If you’re looking for a new skid lid and you want to stand out from the crowd (or emulate a Euro-pro idol), both of these new helmets are great options.
Catlike Whisper Plus – $275
It’s certainly not the cheapest helmet you can buy, but I suppose style comes with a price tag. In this case, Catlike style includes the extensively perforated shell of the Whisper Plus. It’s molded with a whopping 39 vents. Each vent is scoop shaped and leads to deep internal channels to direct air across the head.
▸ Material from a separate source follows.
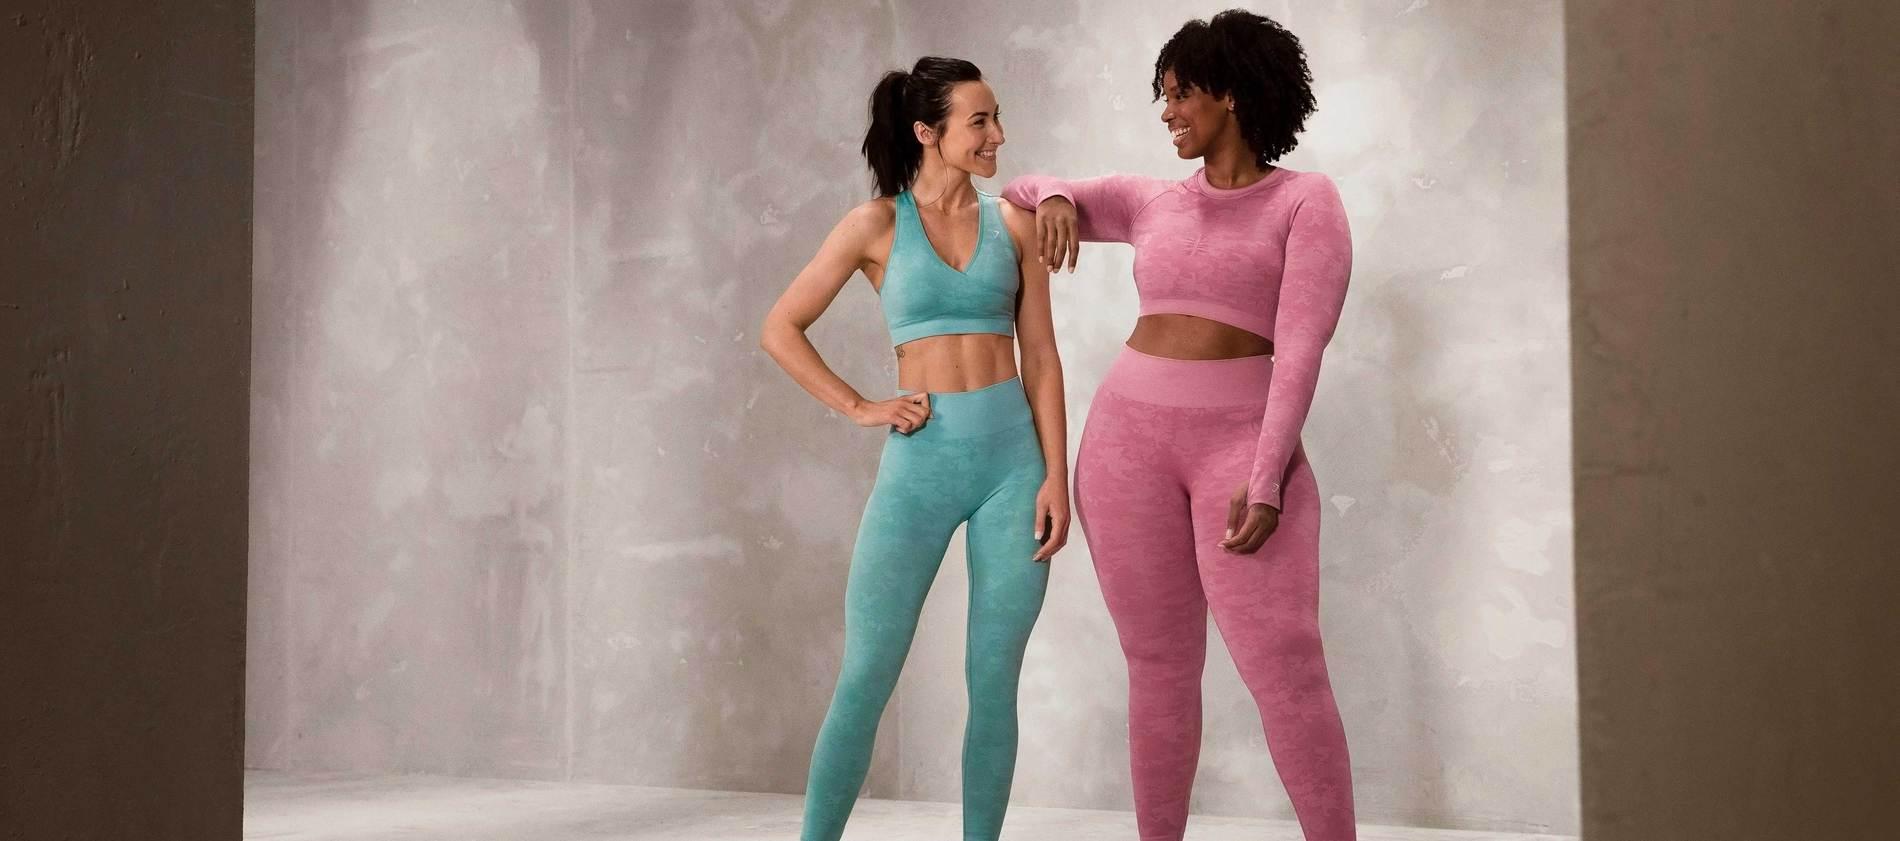 Zwei weibliche Gymshark Athletinnen lächeln und posieren zusammen vor einer Betonwand und tragen die Adapt Camo Kollektion.

Like almost all helmets these days, it’s got an adjustable rear retention system. However the Catlike retention strap is anchored only at the front and not up to the rear of the shell. Instead, the chin strap webbing passes through the retention system and up to the helmet shell where it’s anchored. The design permits up and down adjustment of the rear retention system along the path of the webbing. Tension of the retention strap itself is adjusted by a ratcheting band and push buttons to release the band.
Our test helmet in size medium weighs 270 grams. Serotta’s website says that it’s CPSC certified, but our test helmet bears only the EN 1078 decal. If you buy from Serotta, the Catlike Whisper Plus comes with a carrying case, and a visor and spare pads are available as accessories.
It’s nice. As you’d expect, the ventilation is about as good as I’ve ever experienced. The sensation of air actually flowing over my head has been welcome on hot afternoon rides, especially compared to the Giro Prolight I usually wear.
The Whisper Plus is comfortable. Retention is good, shell shape is good, and I don’t have any major complaints about the rear retention system. The release buttons are balky to operate, but it’s not a deal breaker. I like that the band itself is made of flexible material rather than hard plastic, and it’s padded at the back.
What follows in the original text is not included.